There are many ways of reducing the appearance of acne scars, some of which are more high-tech than others. We take a look at both the clinical and the natural options for improving acne scars.
If you go to a dermatologist or a cosmetic skincare clinic you’ll have various treatment options:
- Laser resurfacing treatment
- Skin peels
- LED facials
- Euro threads
Less invasive or costly ways to work on improving acne scars work on supporting the skin to repair itself and boosting your overall health.
These strategies work particularly well on post-inflammatory hyperpigmentation - the discolouration of skin after acne breakouts - rather than true scars which change the surface of the skin.
Can your skincare regime help acne scars?
The skin has a natural cycle of repair, completely renewing its cells over the course of a month, so even quite old blemishes and scars can gradually fade, soften or flatten over time.
While miracles aren’t likely with all kinds of scars, it is possible to feed the skin with the nutrients it needs to rebuild itself, both from the inside (with a good healthy diet) and out (with the skincare products you use on a daily basis).
Acne is caused by a combination of bacteria, clogged pores, dead skin cells, overproduction of sebum and inflammation.
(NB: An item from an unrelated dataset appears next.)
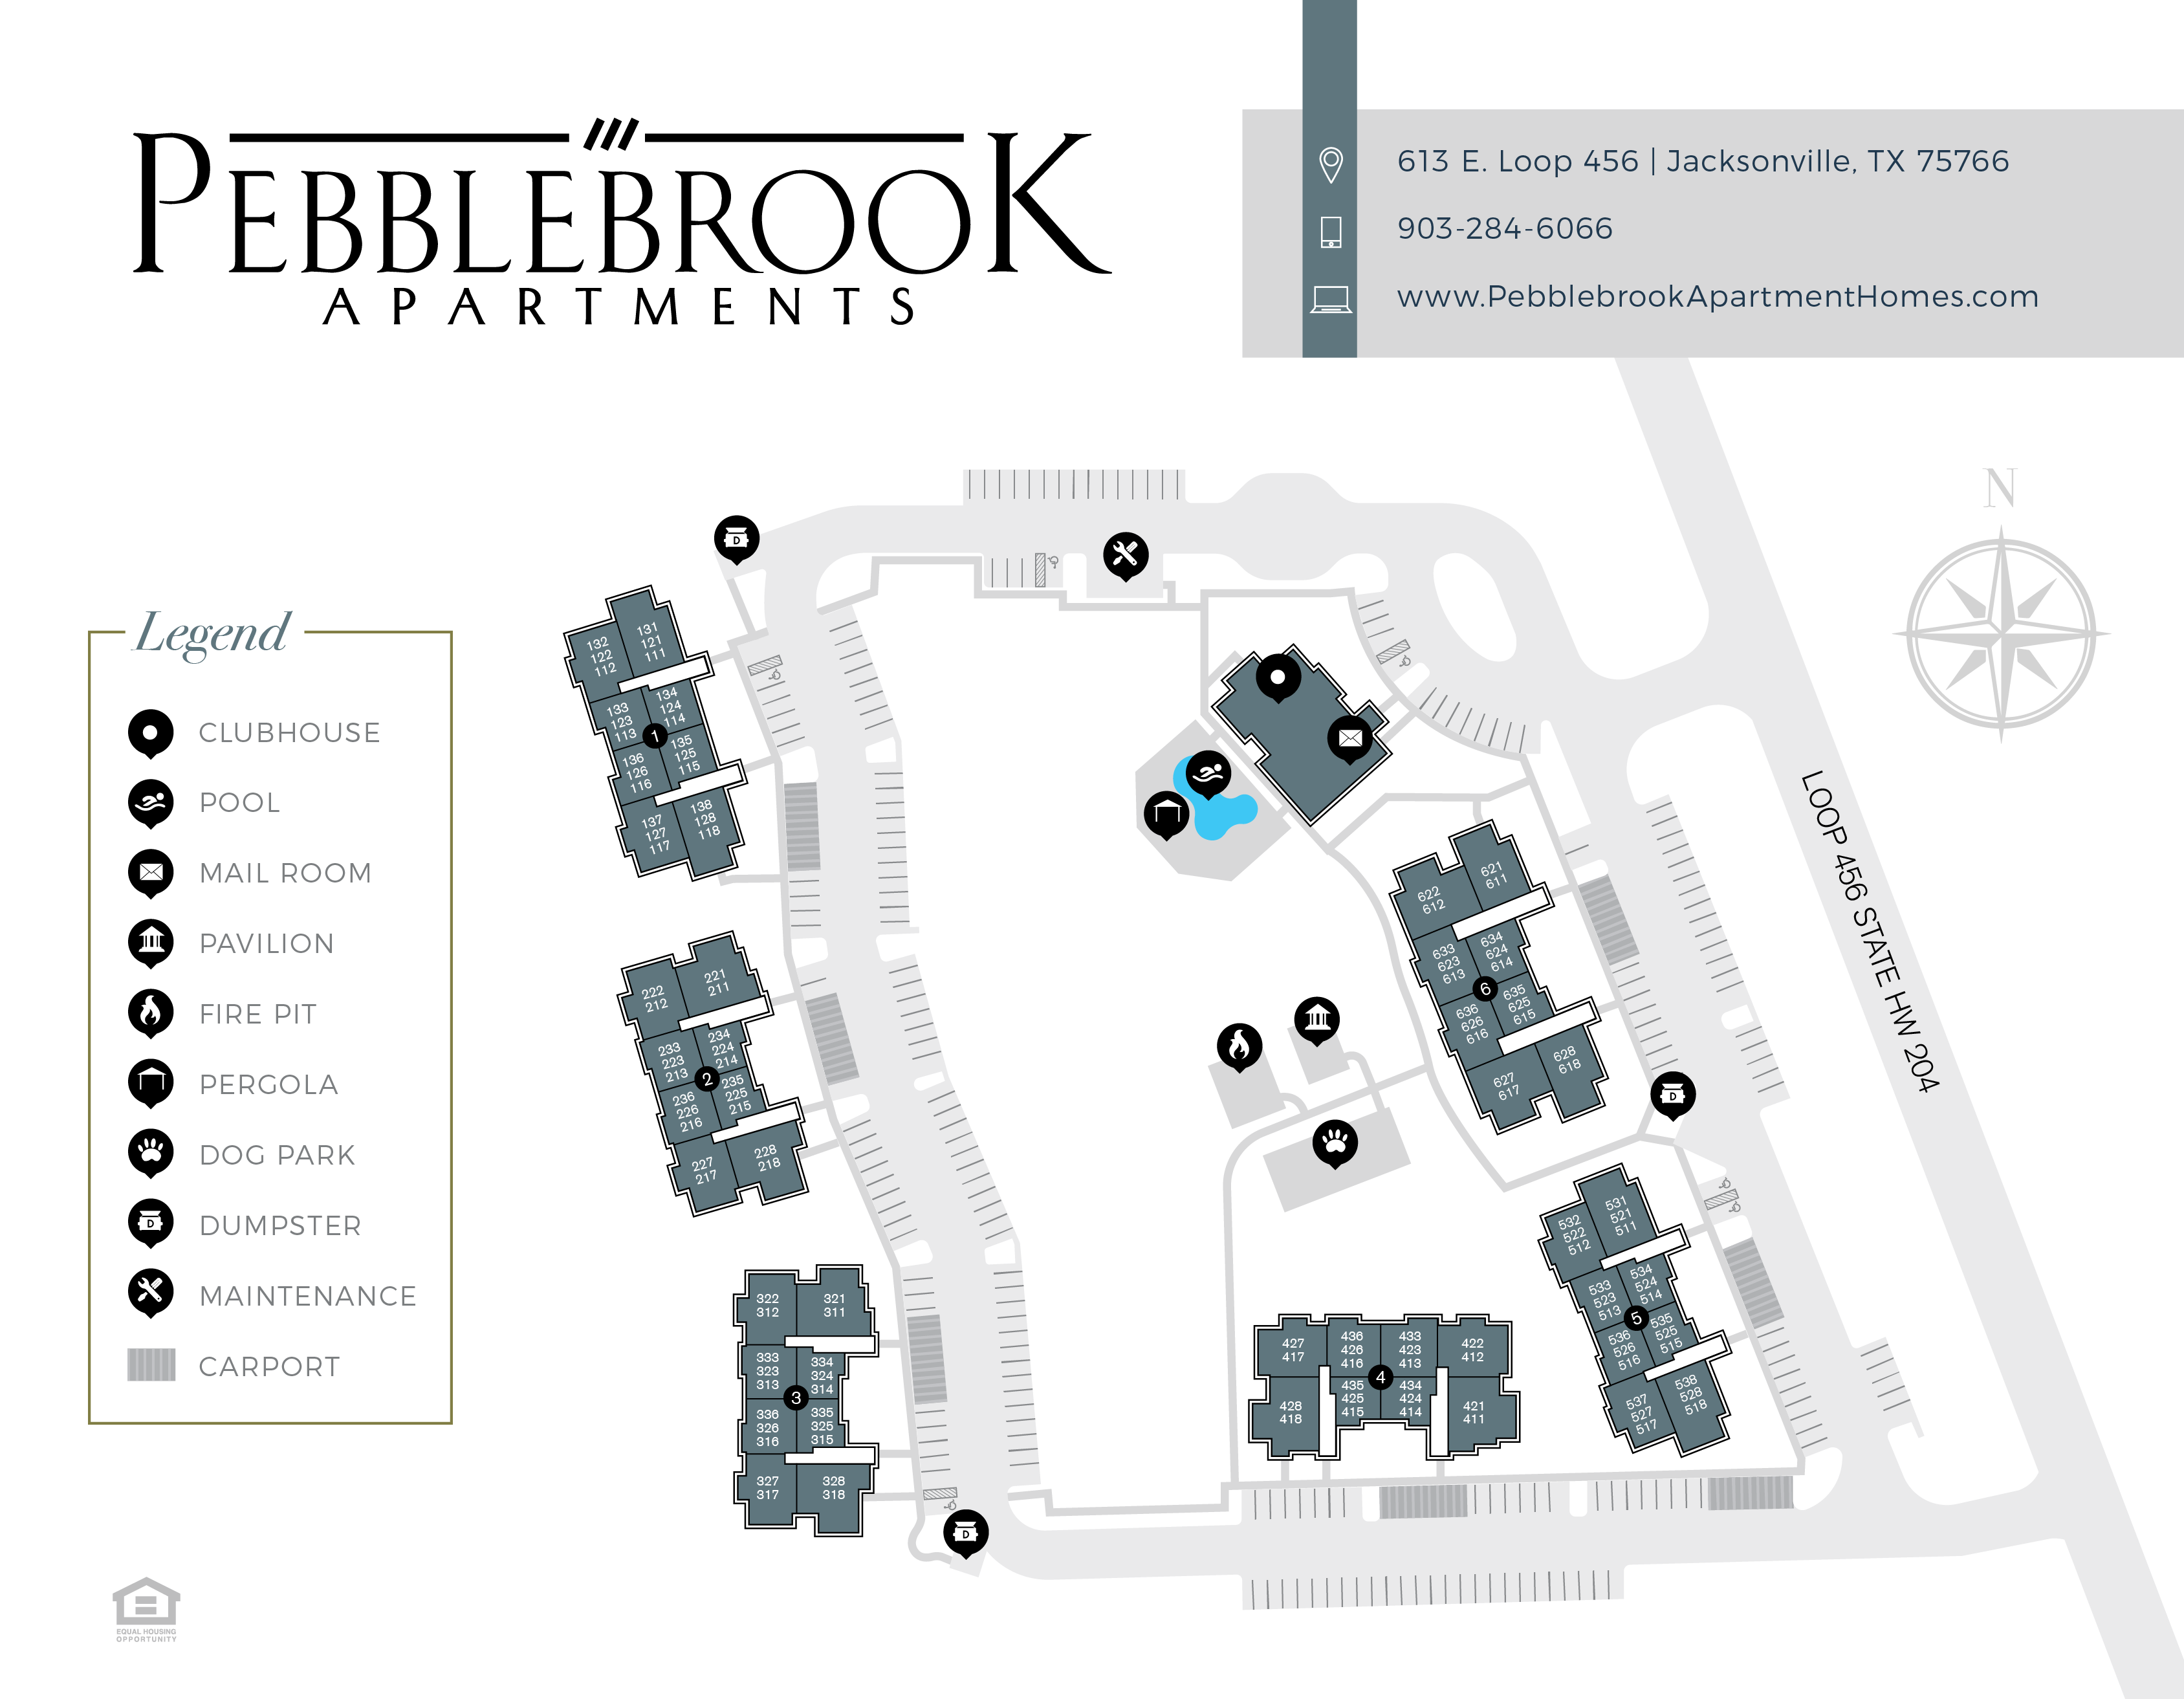 The Pebble Brook Community Page Sitemap Image

So it’s important to work on all those issues as well as trying to increase your skin’s resilience and regenerative powers.
- Eat well
- Drink plenty of water
- And find yourself a good skincare regime - whether you go for the hi-tech options or not.
Routine to improve the appearance of acne scars
- Cleanse thoroughly and carefully, with non-irritant, unperfumed, SLS-free natural cleansers.
- Exfoliate gently every few days.
- Be sun aware - protect your skin from the sun as it can cause or aggravate damage.
- Avoid oils with high comedogenic scores as they will clog pores, which includes oils containing paraffin.
- Use a regenerative facial oil every night.
Find out how to help your scars fade faster.
Try to avoid topical steroids
Topical steroids aren't suitable for treating acne scarring. Although they're designed to tackle inflammation they can also cause skin damage, thinning, discolouration, yet more acne and Red Skin Syndrome/TSA when used long-term.